Stella English is impressive for very many reasons. She doesn’t do emotion as such professionally, and is meticulous in her organisation and discipline, hard work and genuine commitment. She has taken on board incessant criticisms about being ‘wooden’. She has been incredibly successful in the corporate management environment, and the question now for Lord Sugar is to find a suitable role for her in his organisation. Therefore, if she can pull off an inspiring demonstration on Sunday, that will go a long way. She needs to demonstrate that she is a potential entrepreneurial leader; she can have followers, has a set of responsible ideals, can take risks, can work in teams and demonstrate some emotional intelligence, and of course create a superb business plan. However, Christopher Bates has demonstrated entrepreneurial flair in the past in the course of the series, but his track record in not sticking at a job or a course has to be some cause for concern. It’s no good waiting for the quality of what Chris says if he drones on for hours in a pitch on behalf of Sugar’s organisation to a client, but I have no doubting that his skills are understated. For what it’s worth, I think both Stella and Chris would be a ‘safe pair of hands’ at board level, fulfilling the requirements of the Companies Act (2006) in both letter and spirit; in their duty to promote the success of the company, the duty to avoid conflicts of interest, and, especially given their high degree of sheer competence thus far in the competition, a duty to practise with due skill, care and diligence. The words of Peter Drucker continue to haunt me – leadership is doing the right things, management is about doing things right. Where Alan Sugar is superb is that he does both.
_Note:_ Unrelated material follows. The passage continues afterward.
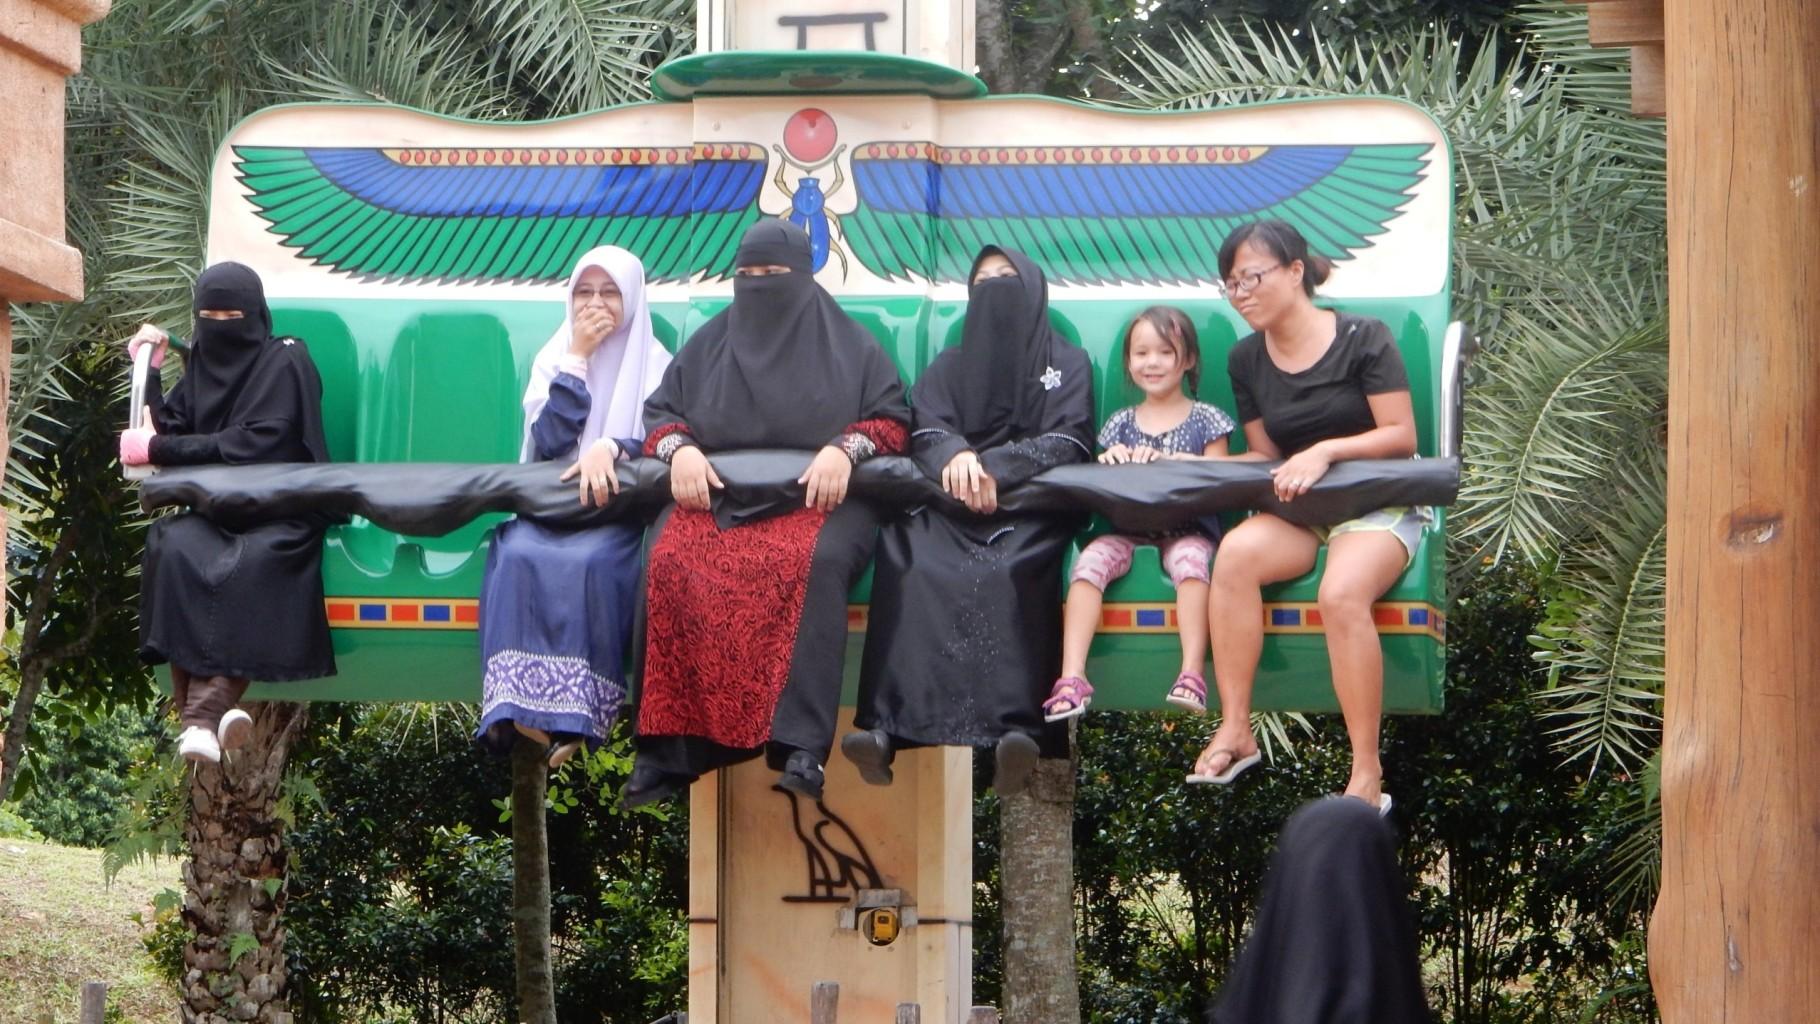 Beatle Bounce Legoland Malaysia
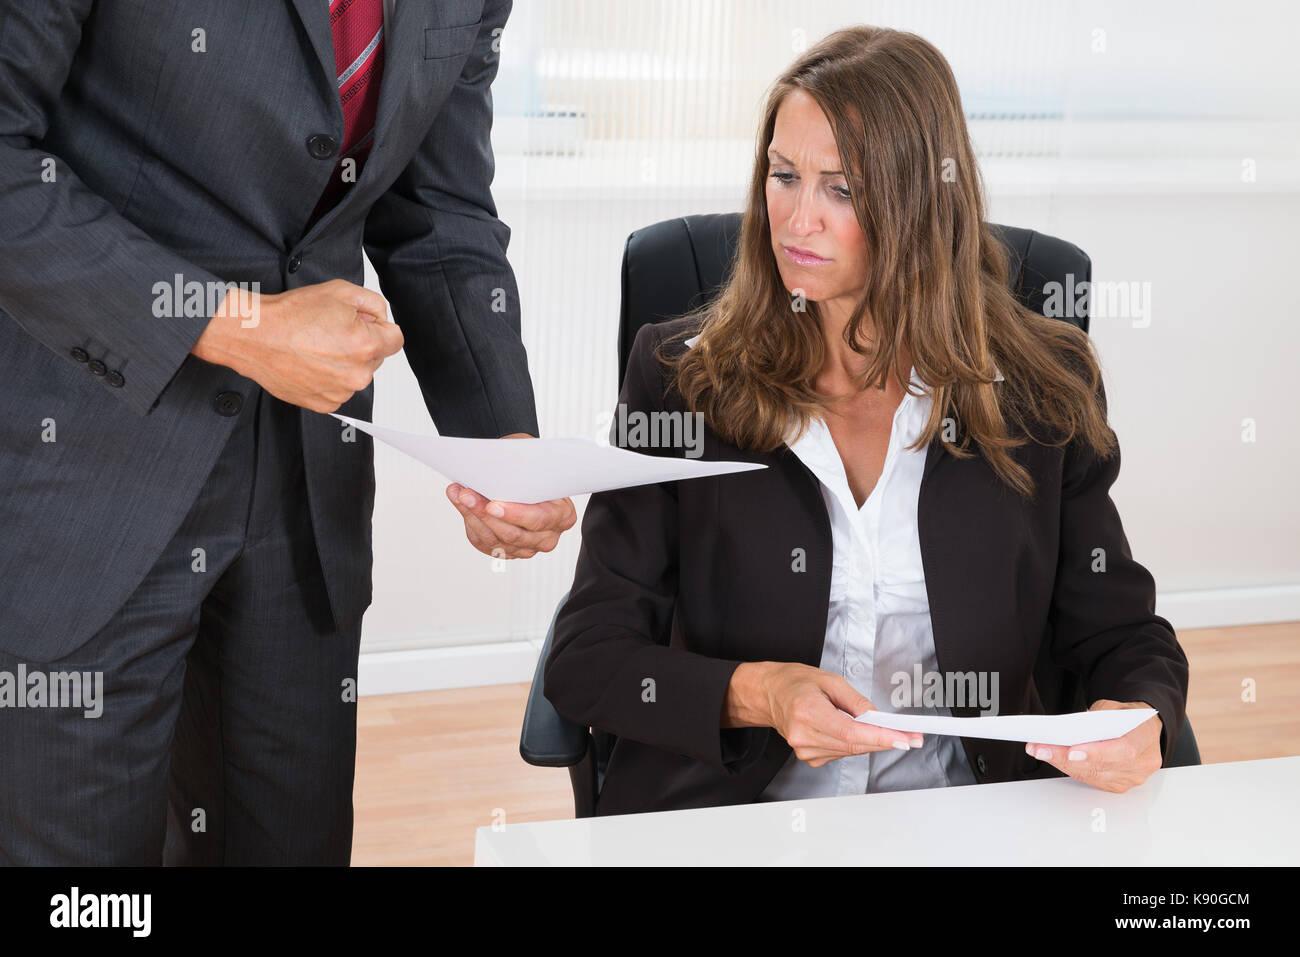 Nahaufnahme der Geschäftsmann Übersicht Dokument zu weiblichen Angestellten im Büro Stockbild

Lord Sugar said he didn’t want a ‘steady Eddie’, but this is ironically exactly what he might need in vast quantities in these turbulent economic times. A fairly close decision, and it could be tipped either way. Jamie’s poor interviewing came as a surprise to me yesterday, and definitely cost him a place in the Final. Sunday’s performance does matter therefore. I feel it go in anyone’s favour.